Exercise requirements = For the entries that follow, restate word for word the line containing "NEW CITRUS DRINK", the line containing "Intervention Mapuche –", and every line that lies between them.

Record extracts =
%%

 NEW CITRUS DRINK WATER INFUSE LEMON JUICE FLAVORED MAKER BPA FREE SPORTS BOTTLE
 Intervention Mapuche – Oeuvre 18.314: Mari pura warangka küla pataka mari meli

%%
%%

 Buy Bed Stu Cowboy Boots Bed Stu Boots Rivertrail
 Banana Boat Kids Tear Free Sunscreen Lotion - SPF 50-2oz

%%

Response =
 NEW CITRUS DRINK WATER INFUSE LEMON JUICE FLAVORED MAKER BPA FREE SPORTS BOTTLE
 Intervention Mapuche – Oeuvre 18.314: Mari pura warangka küla pataka mari meli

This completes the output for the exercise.